Against Aria, it was insufficient.
She used a technique Father had taught her—Infinite Horizon Defense. An application of Stage 2 Multiplicity where she created countably infinite defensive layers, each one adaptive, each one learning from the others, all of them working in perfect synchronization.
The endless chain reaction hit her defense and... stopped. Each explosion was absorbed by a separate defensive layer, the energy recycled and used to strengthen the other layers. The chain reaction couldn't propagate because each detonation was isolated in its own defensive shell.
Lyssa's reality-splitting strikes found nothing to cut. Her blade passed through spaces where defensive layers shifted into different dimensional configurations, always finding emptiness, never finding Aria.
Jin's continuous infinity technique crashed against her defense like an ocean hitting an infinite dam. No matter how much power he poured in, no matter how endless his assault, the defensive layers simply adapted and multiplied faster than he could attack.

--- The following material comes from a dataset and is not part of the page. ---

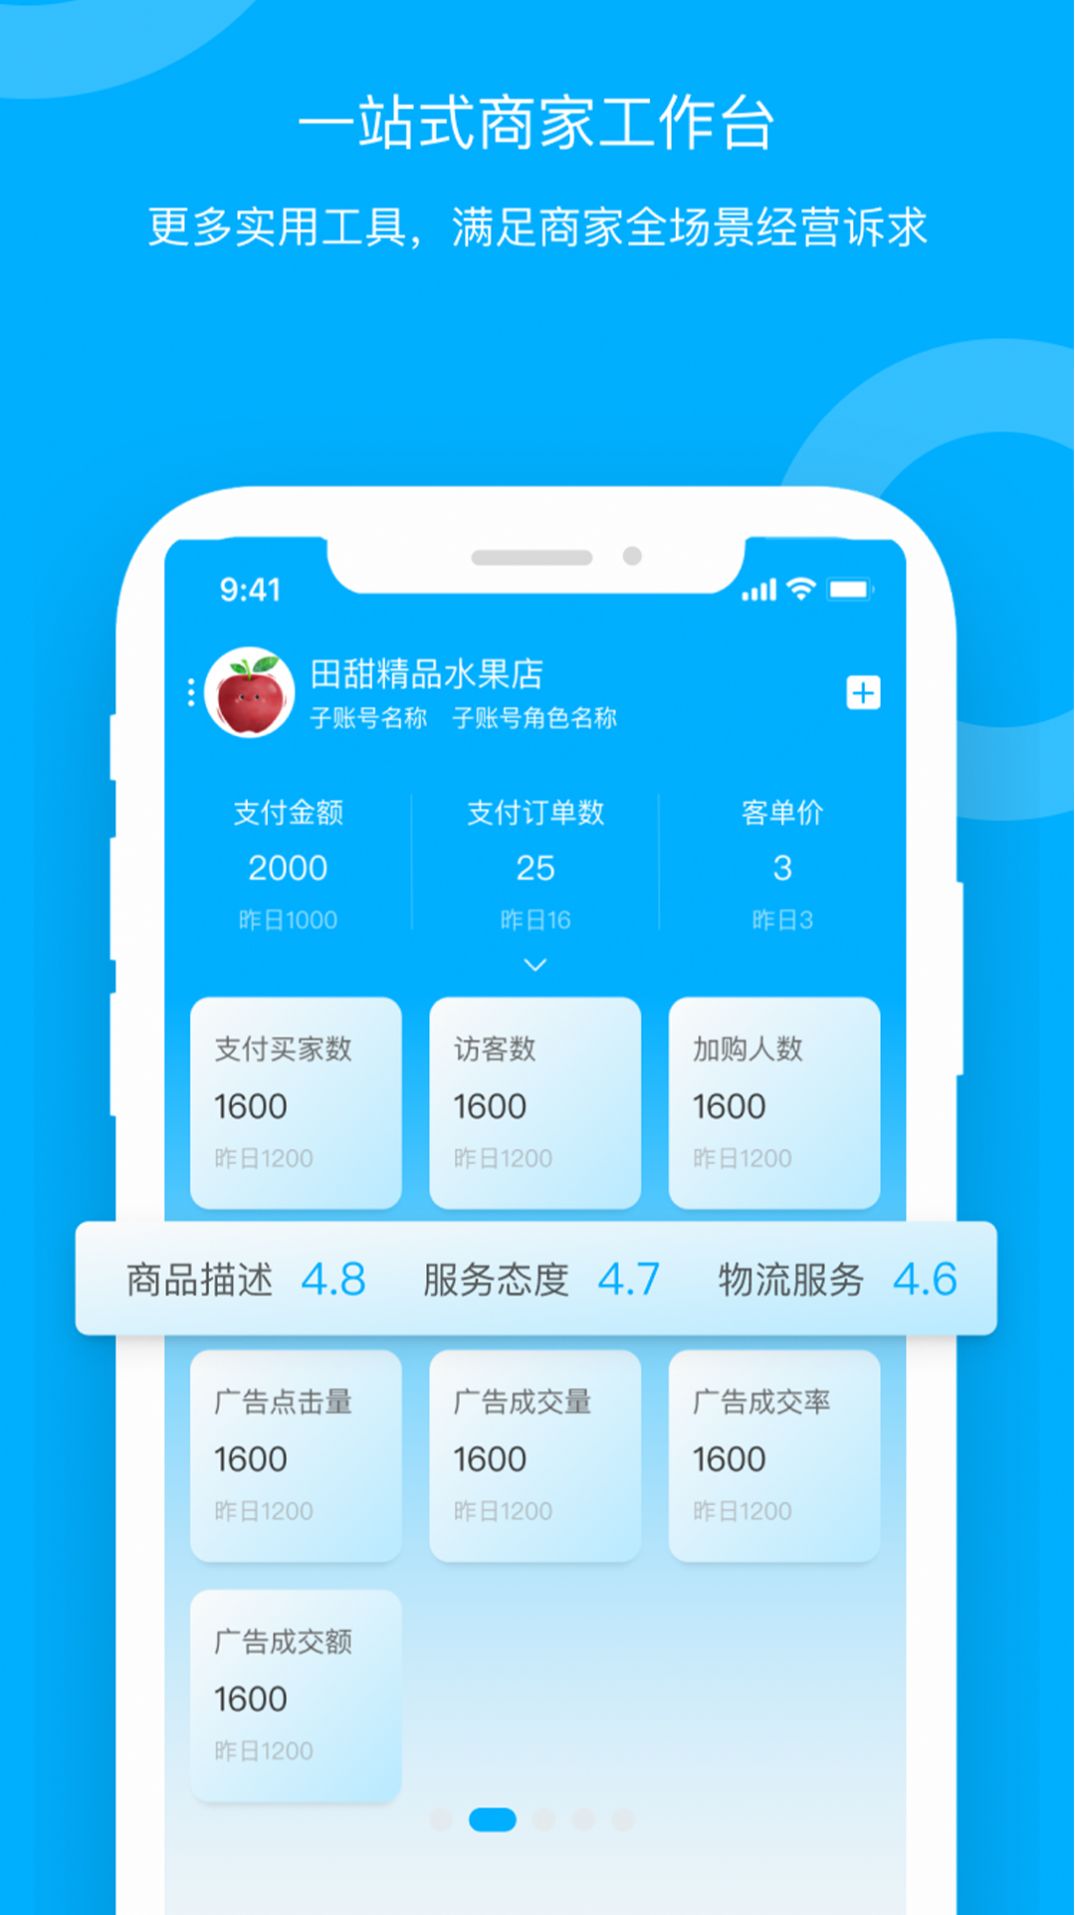 青海新发地卖家app,青海新发地卖家

Aria stood in the center of the apocalyptic assault—explosions that could destroy worlds, strikes that could split dimensions, infinite power crashing against her from all directions—and she didn't move an inch. Didn't even seem concerned. Her hands remained clasped behind her back as her Infinite Horizon Defense handled everything automatically.
The assault continued for thirty seconds. The surrounding landscape for ten thousand miles in every direction was obliterated. Reality itself was screaming, dimensional barriers were failing, and the combat dimension's stability arrays were starting to fracture from the strain.
Then the three students ran out of energy.
"Are you three finished?" she asked politely.
They backed away, panting. The disparity was too obvious.
"How?" Lyssa demanded. "We're at 28-30% comprehension! You're only at 50%! That's not enough difference to explain this!"
"Comprehension is one factor," Aria explained. "Application is another. And I've had eighteen years of intensive training from a Sovereign. You've had... what? Normal academy instruction? Sect teachers?"
"That's not fair," Jin said quietly.